Progress NC Action targets Jordan
by Anna Oakes
Advocacy group Progress
North Carolina Action has launched a campaign focused on Republican Rep. Jonathan Jordan of Jefferson and
other state legislators who supported a $3,500 tax break for business owners as part of this
year’s budget adjustment bill.
Democrats criticized the
tax break that would go to about 460,000 business owners because it would cost the state
approximately $336 million per year, according to the Raleigh News & Observer.
During this year’s budget deliberations, Republicans blocked a proposed
amendment that would have limited the tax break to businesses with income of $100,000 or
less.
“State lawmakers created a tax loophole which puts
up to $3,500 in the pockets of wealthy lawyers, lobbyists, millionaires and even some lawmakers
themselves. Is Jonathan Jordan one of them?” states a new website,
JordanGainsSchoolsLose.com.
Progress NC Executive Director
Gerrick Brenner and Research and Communications Director Justin Guillory visited Boone Wednesday
with a display of three large posters outside of the Watauga County Government Center.

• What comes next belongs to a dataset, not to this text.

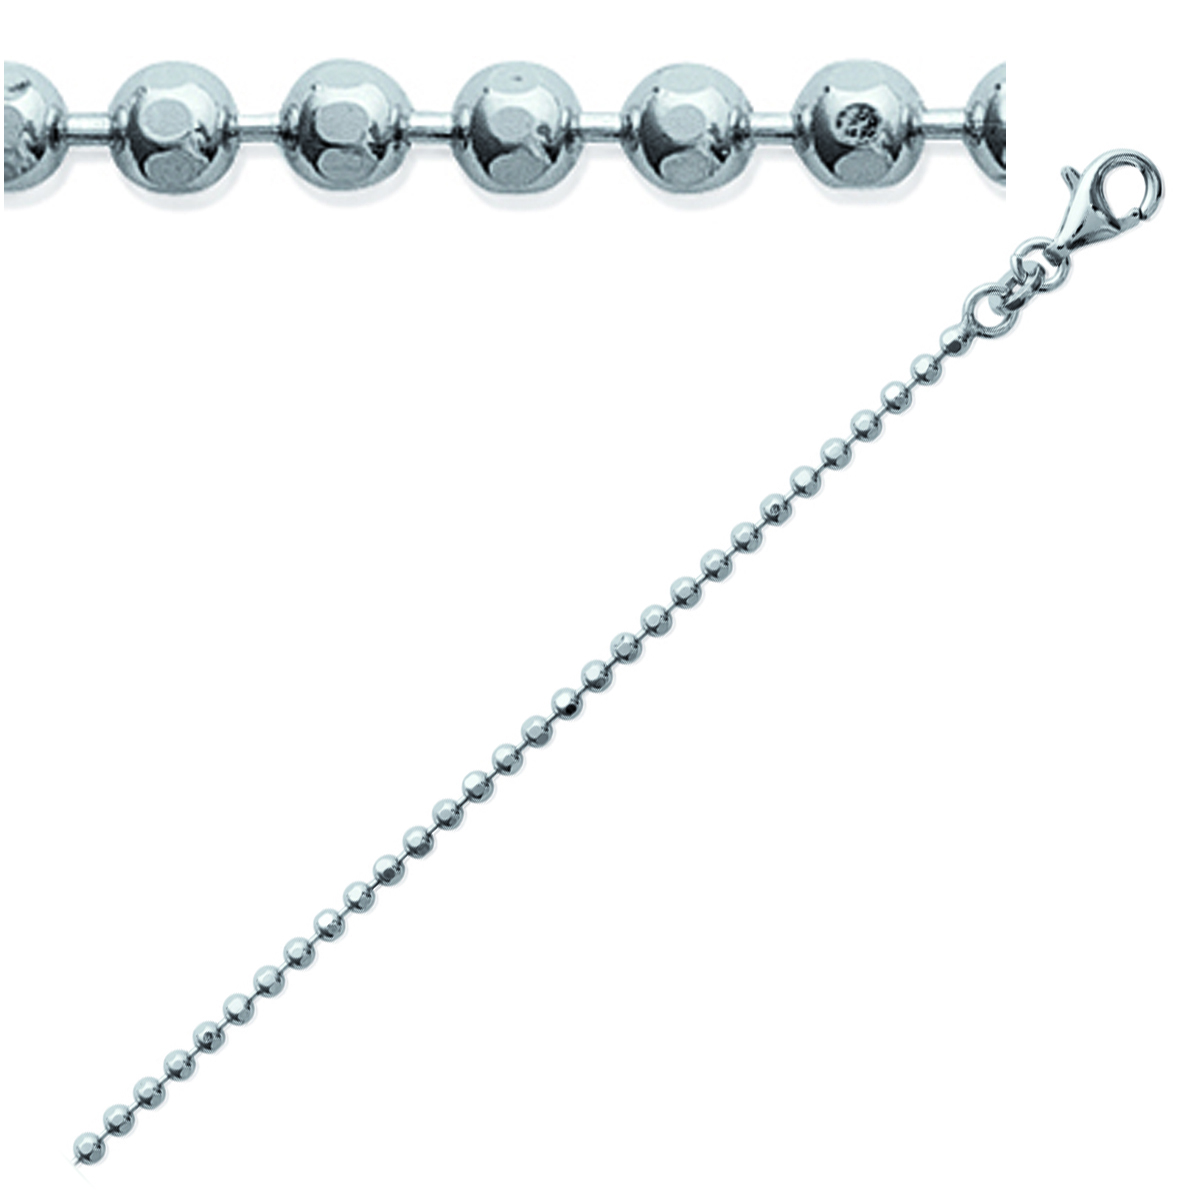 Chaine Argent \'Micro-Billes\' argenté (rhodié) - 45 cm 2 mm - [K5218]
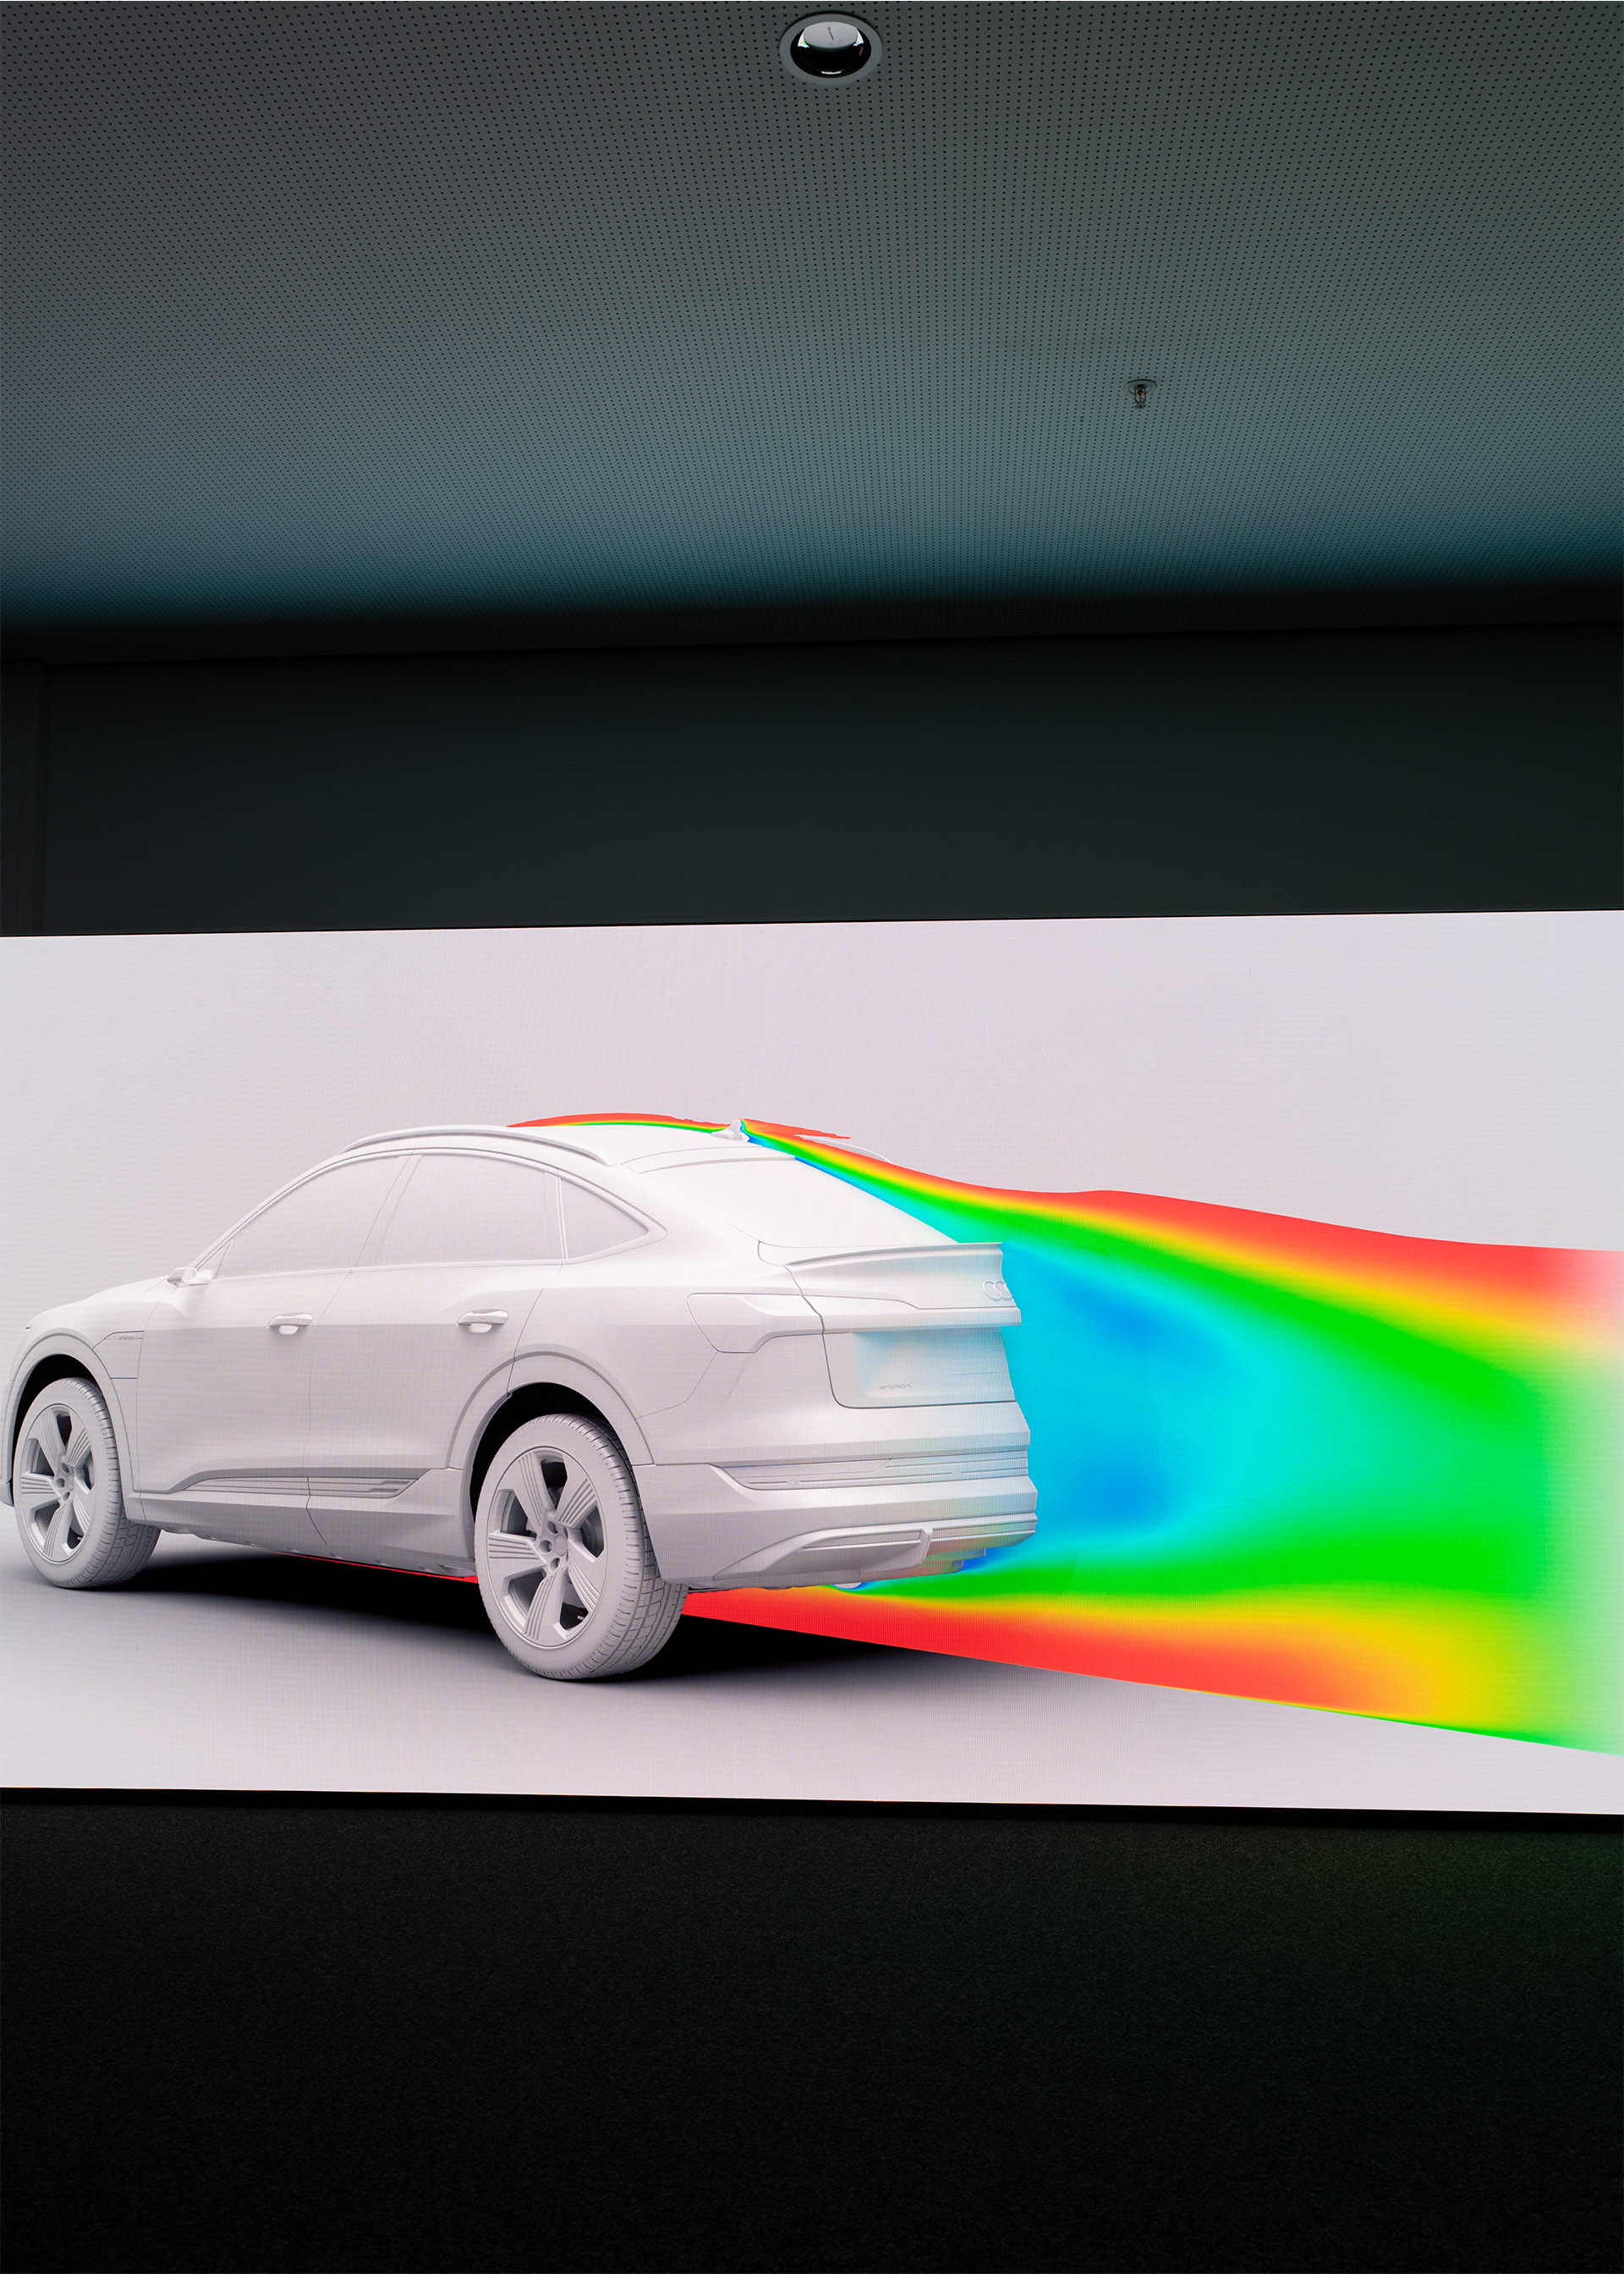 Fargene markerer luftstrømmene bak bilen.

One poster depicts a young girl at a chalkboard and a list of items on which
the $336 million could have spent — 5,500 more teachers, 6 million new textbooks, 67,000
children enrolled in pre-K or an iPad for every middle and high school student in the state, it
said.
Another shows Jordan in a pile of money, while the other
quotes text from a News & Observer article on
the tax break.
Brenner said the group is actively targeting legislators who stand to benefit from the tax break.
“We’re
doing this in the communities where we think the people will be interested,” he said.
“We would like him to take a pledge not to take this tax credit.”
Brenner said that in Watauga County, people are angry about cuts to pre-K
programs and significant budget cuts at Appalachian State University.
“There are real consequences to this stuff,” he said. “It has not gotten enough attention.”
Jordan said Thursday that he
doesn’t yet know if he will benefit from the tax break, as the tax-filing extension deadline
is Oct. 15.
“I don’t know if I made money from my
law firm,” he said.
Jordan said he doesn’t feel the
government should be “picking and choosing” who receives the tax break.
“I don’t know that we need to put arbitrary caps or anything like
that on a credit like this,” Jordan said. “It should be a level playing field for
anybody. I think it’s a better way to go as far as helping small businesses. Unless they have
a better idea, I would not be in favor of removing this tax credit.”
“What they’re obviously forgetting is we have put that $300 million
back into the private sector and into the economy,” Jordan said. “Jobs are what we need
in this economy.”
When asked if the campaign was more
about defeating Jordan in the upcoming election than asking him to repeal the tax break, Brenner
said, “Based on our conversations with him, he is laser-locked on ideology. Honestly, we
don’t know how many signatures it would take to change his mind.”
Brenner said Progress NC Action would be back in Boone for the Oct. 9 candidates forum
hosted by the Boone Area Chamber of Commerce.
The same group traveled to Boone in November 2011 with a display that criticized state education cuts resulting in lost classroom jobs. Progress NC representatives staged the display outside of a town hall event at ASU’s Broyhill Events Center held by Republican N.C. Speaker of the House Thom Tillis.